### About this exercise
Without copying any picture, transcribe exactly the lines of the data below from the one containing "Sensor de Freio" through the one containing "Luna, papel, Peter, Bogdanovich".

### Task inputs
++++++

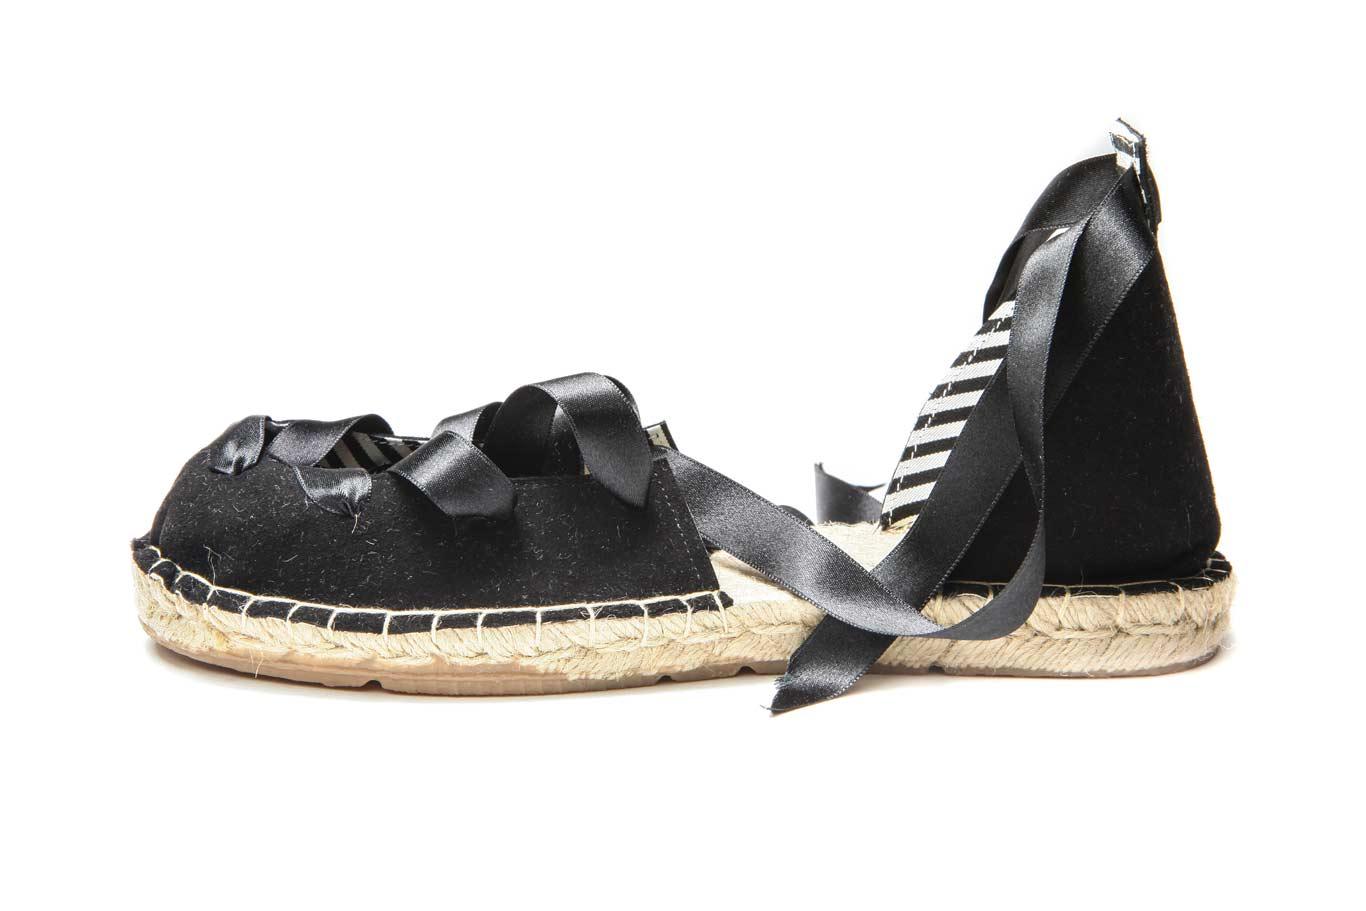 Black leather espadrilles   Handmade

++++++

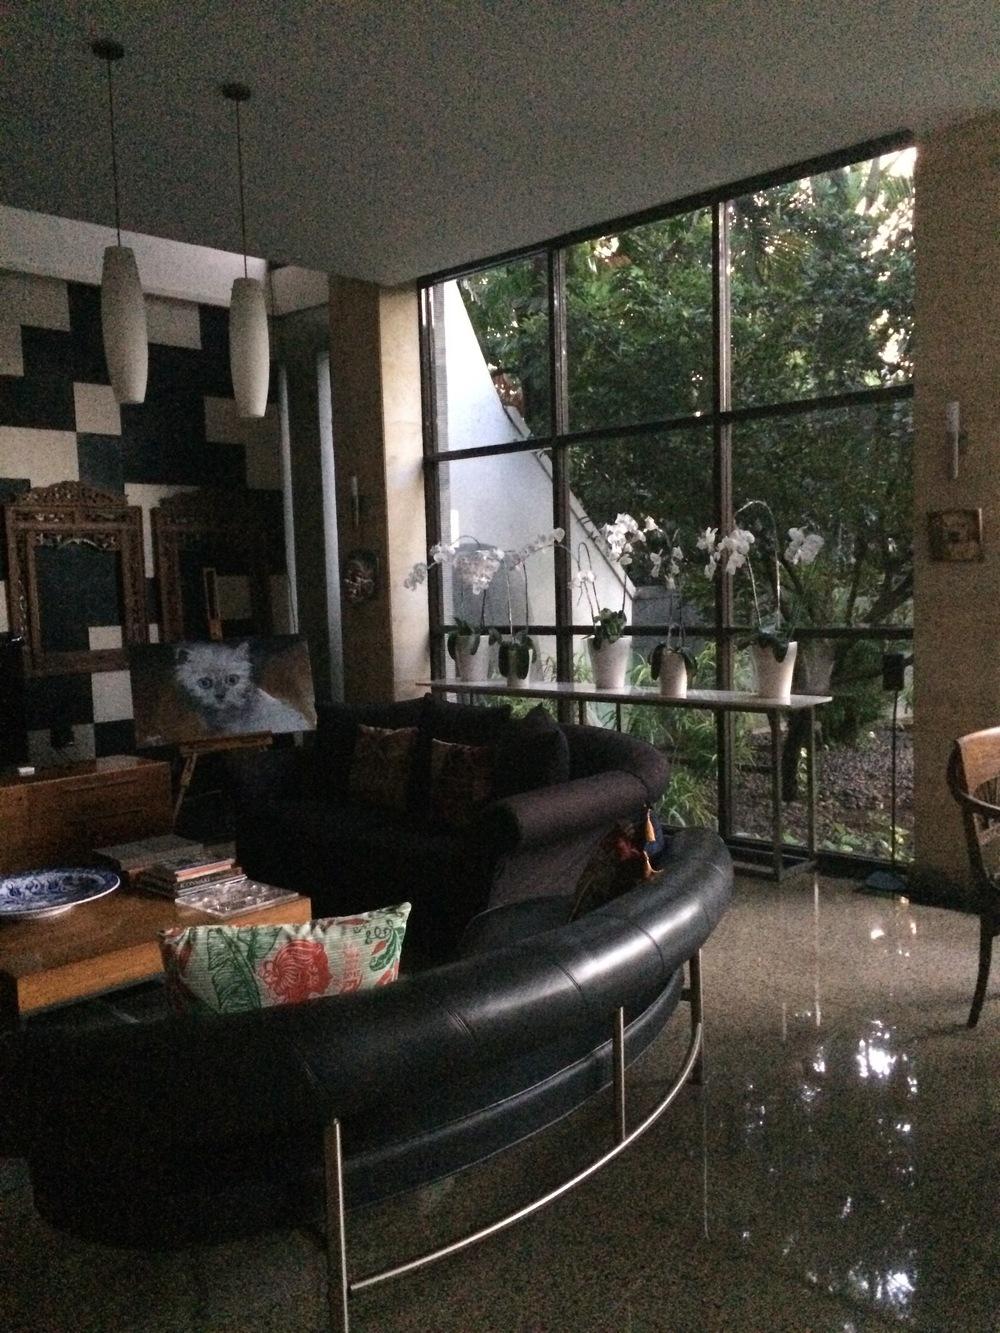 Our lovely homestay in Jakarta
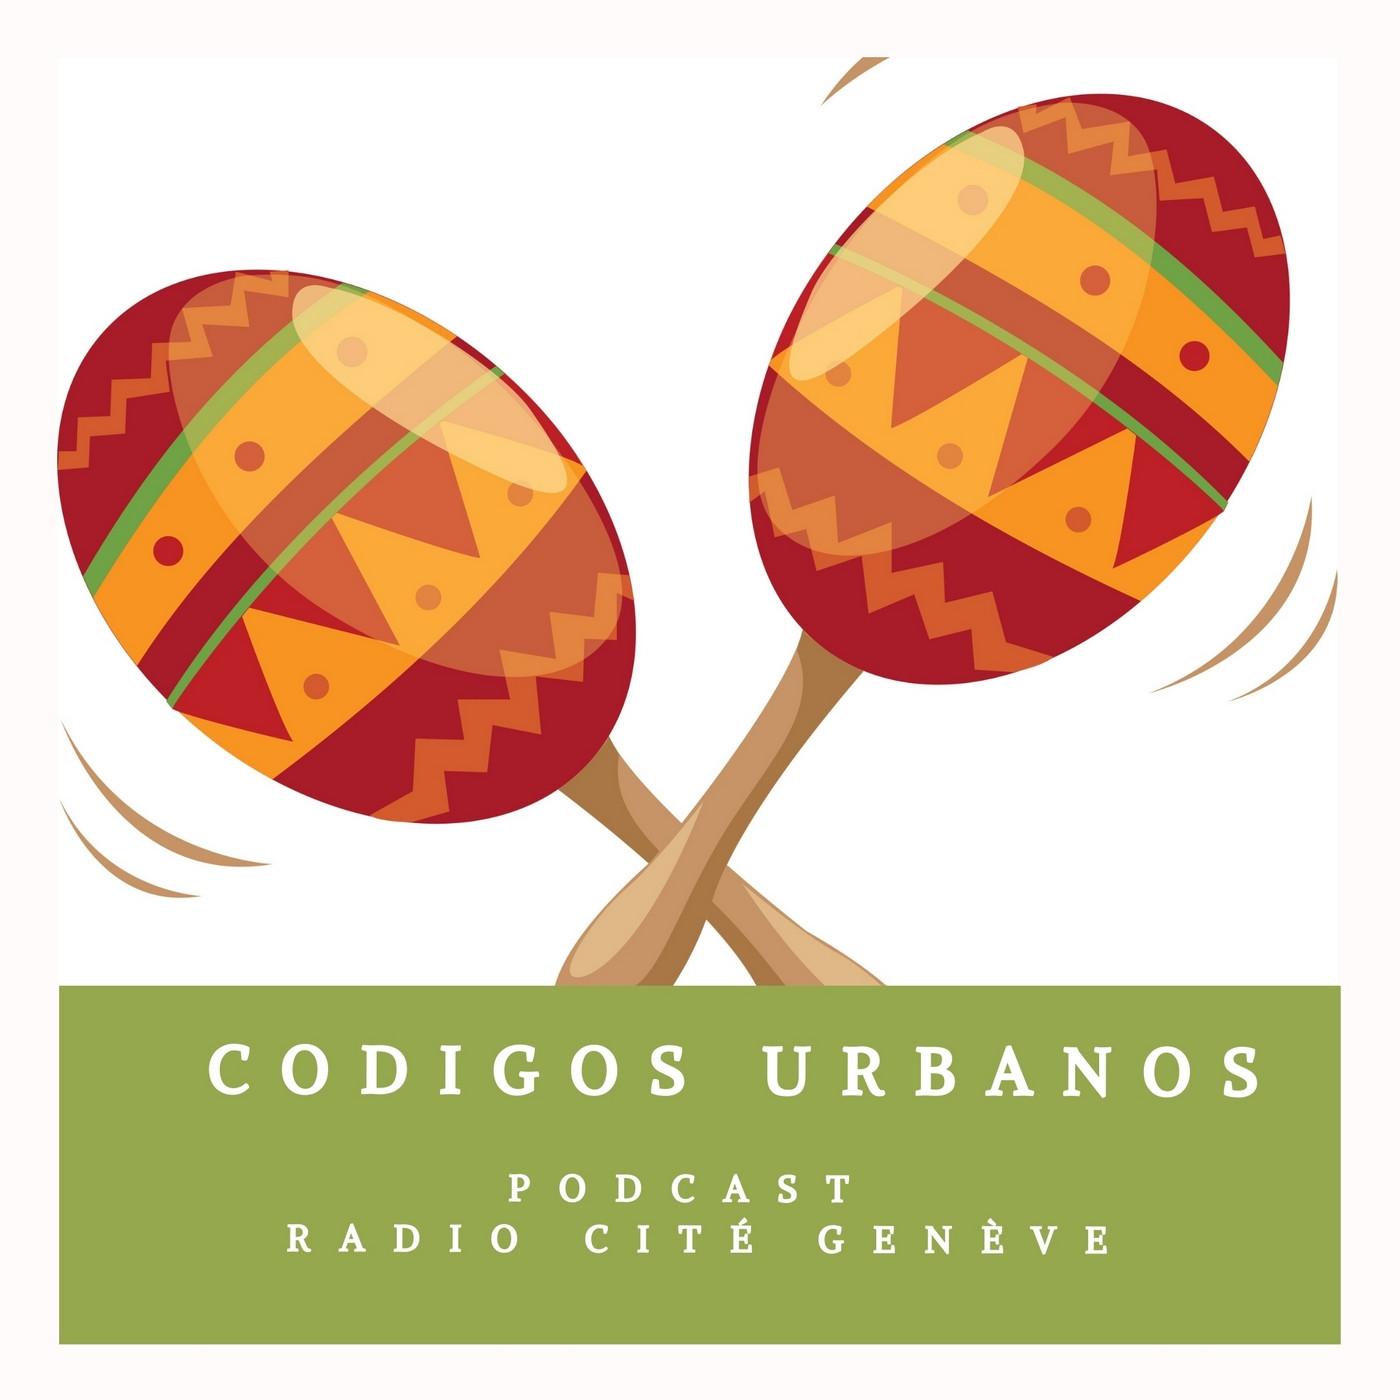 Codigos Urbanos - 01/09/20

++++++

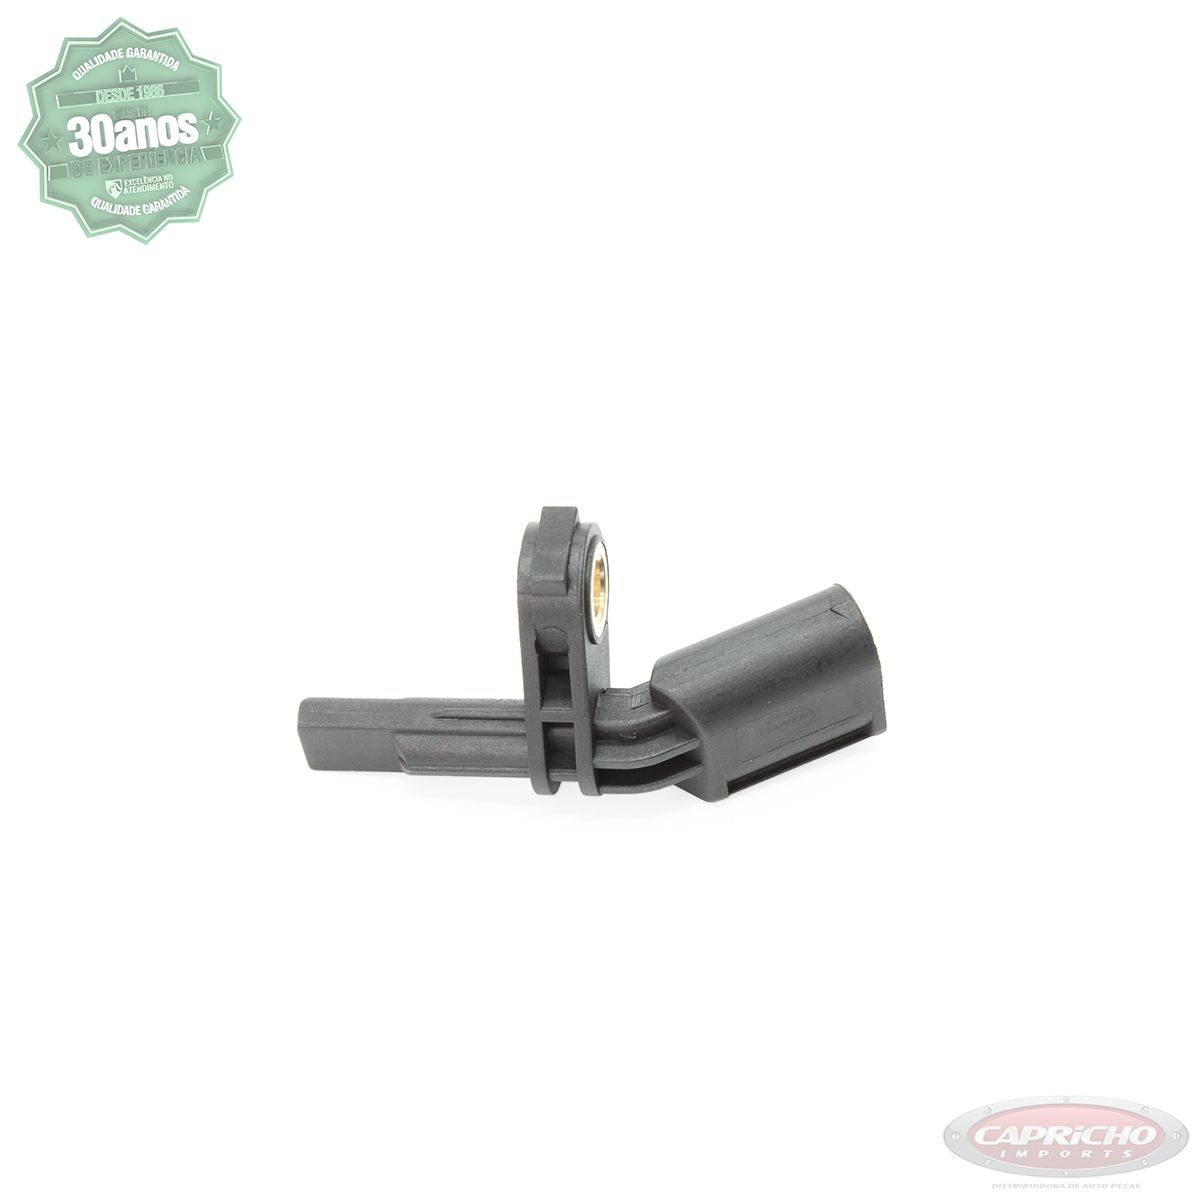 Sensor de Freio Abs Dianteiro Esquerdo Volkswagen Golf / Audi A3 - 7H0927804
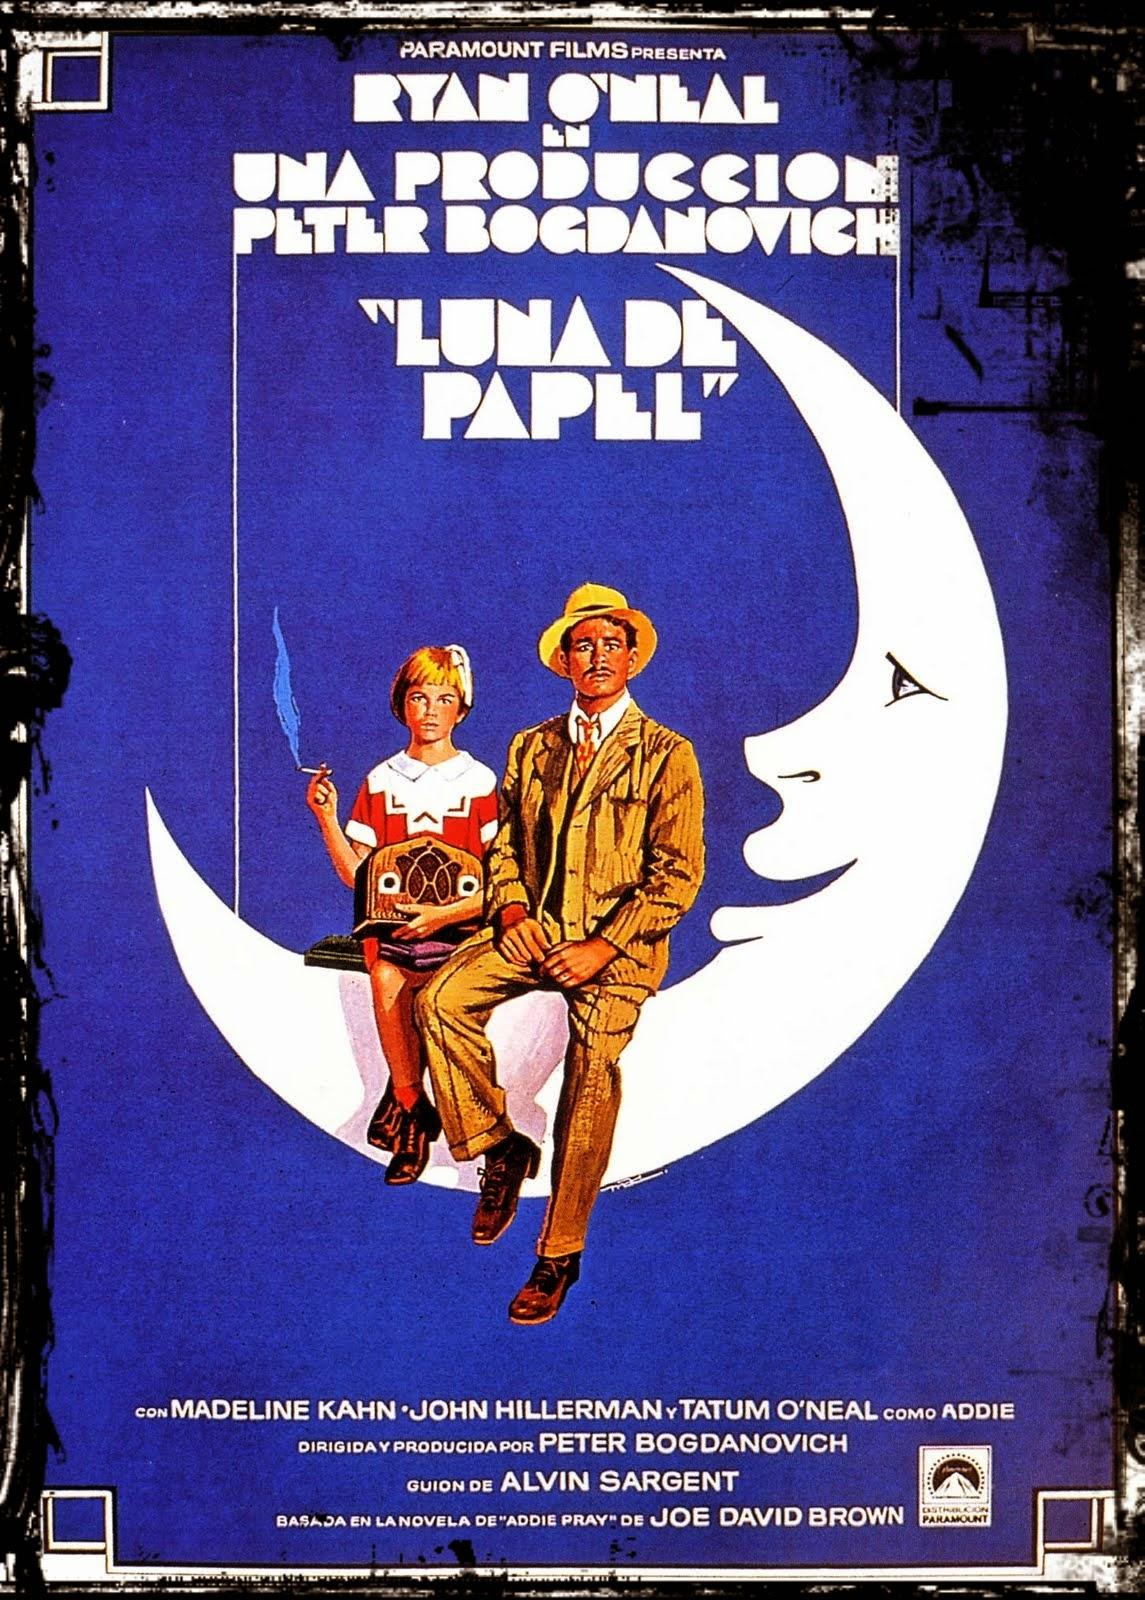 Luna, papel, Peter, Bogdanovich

++++++

### Result
 Sensor de Freio Abs Dianteiro Esquerdo Volkswagen Golf / Audi A3 - 7H0927804
 Luna, papel, Peter, Bogdanovich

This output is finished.